République démocratique du Congo. De nombreuses personnes ayant envoyé des lettres d'intervention dans ce pays ont reçu des demandes d'aide financière d'origine indéterminée. Prudence !
De façon générale, la même prudence est de mise concernant les "chaînes" et les propositions d'actions qui arrivent par internet et dans lesquelles sont mentionnées Amnesty, mais qui ne proviennent pas d'Amnesty.

La Coordination Jeunes organise deux événements les 26 et 28 mai pour faire connaître AI au Trianon et au Zénith à Paris.

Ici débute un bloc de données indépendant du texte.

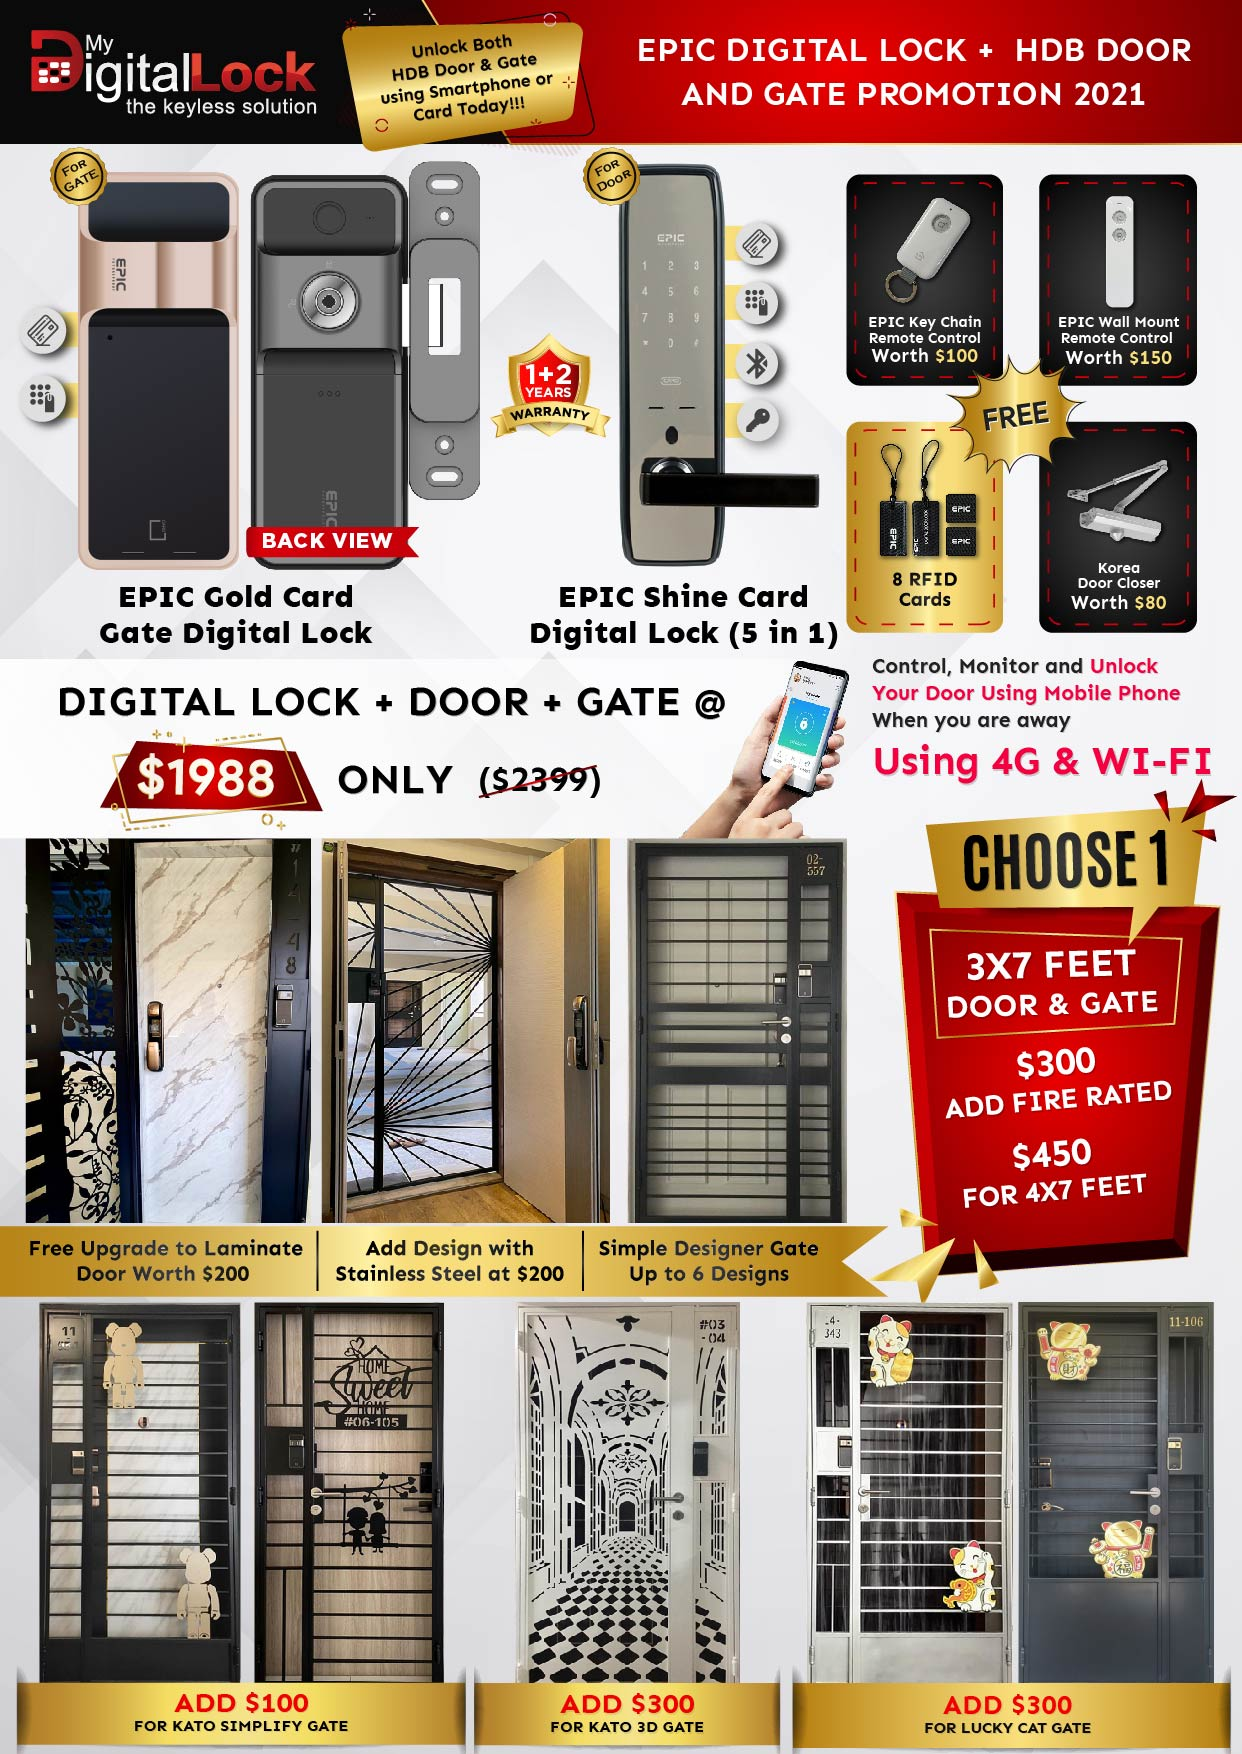 Epic Digital Lock and HDB Gate

Après Besançon. Parmi les résolutions, qui paraîtront dans la prochain numéro du "Bulletin interne", il faut rappeler que le Congrès a décidé de ne pas demander de ne pas agir contre les violations individuelles des droits humains en France et de ne pas mener des activités de recherche sur ces mêmes violations. Par contre, le Congrès a accepté que la section se dote d'un programme de promotion et de défense des droits humains dans notre pays et se donne les moyens de publier un rapport périodique sur la France et les droits humains en matière de politique intérieure et extérieure.
Le Congrès a également rejeté la résolution remettant en cause la participation d'AI aux Gay Prides qui se déroulent dans diverses villes. La Commission Homosexualité et Droits Humains rappelle que ces manifestations sont une occasion pour AI de faire connaître ses préoccupations et ses actions dans le domaine de la non-discrimination auprès d'un large public, mais cela ne signifie pas qu'elle s'associe aux revendications qui sortent de son mandat. D'après elle, la participation d'AI a des retombées très positives auprès du public et des médias, encore accrues par l'aspect festif de ces manifestations. 

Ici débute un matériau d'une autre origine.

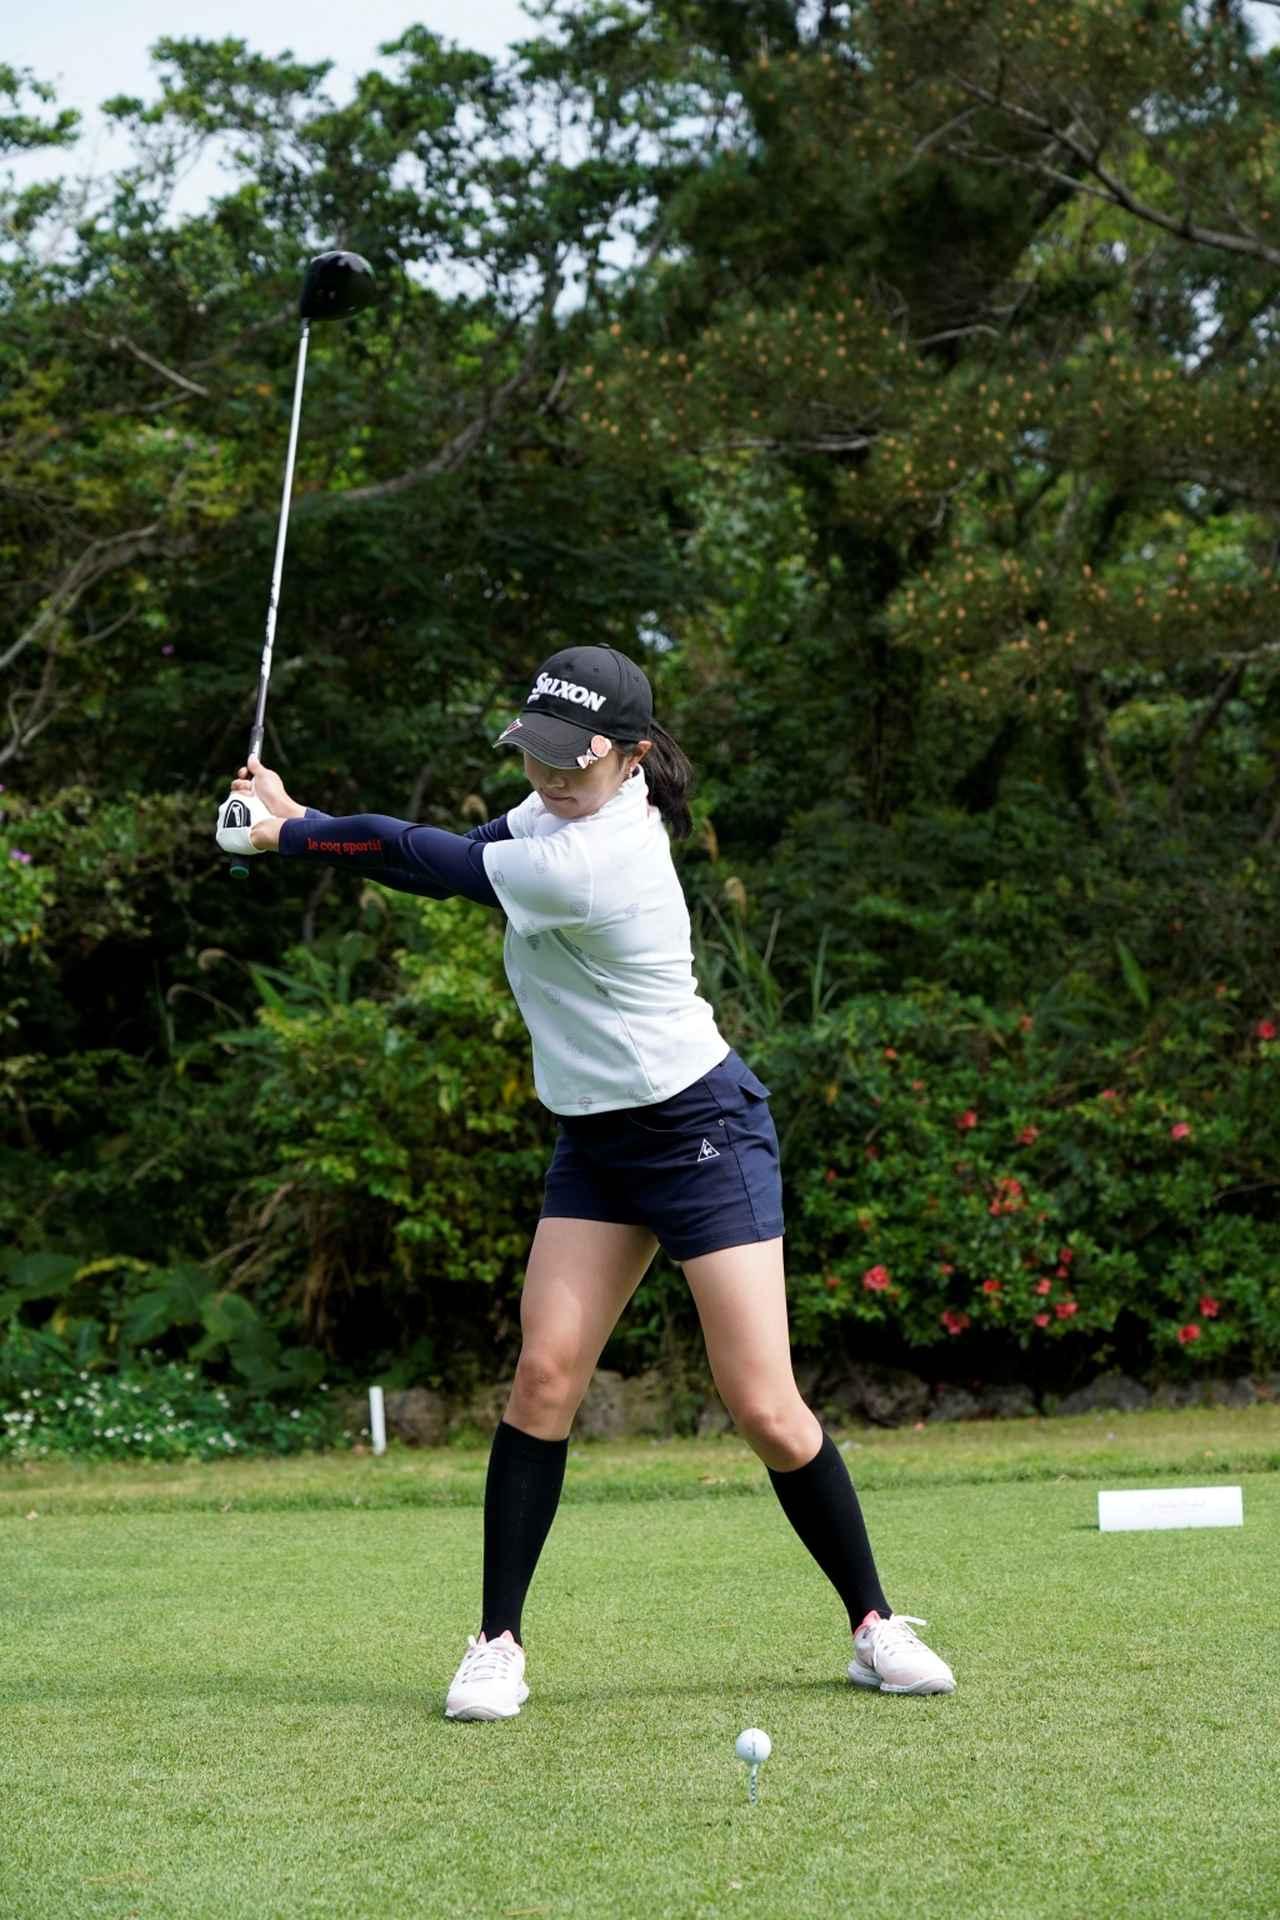 Images : 7番目の画像 - 三浦桃香のドライバー連続写真 - みんなのゴルフダイジェスト

Cour pénale internationale. (CPI) Les États-Unis se sont retirés le 6 mai du traité de la CPI qu'ils avaient signé dans un premier temps. Dans la lettre qu'ils ont envoyée aux Nations Unies, ils déclarent qu'ils ne sont soumis par conséquent à aucune obligation en découlant. Ils renoncent également à leur engagement de ne rien faire pour gêner "les buts et les objectifs" du traité. La raison de ce retrait est la crainte que la CPI pourrait permettre à des adversaires des États-Unis de traduire en justice des militaires américains participant à des opérations militaires à l'étranger.
Cette crainte étant partagée par beaucoup d'autres états, le retrait des États-Unis est susceptible de fournir un exemple des plus regrettables.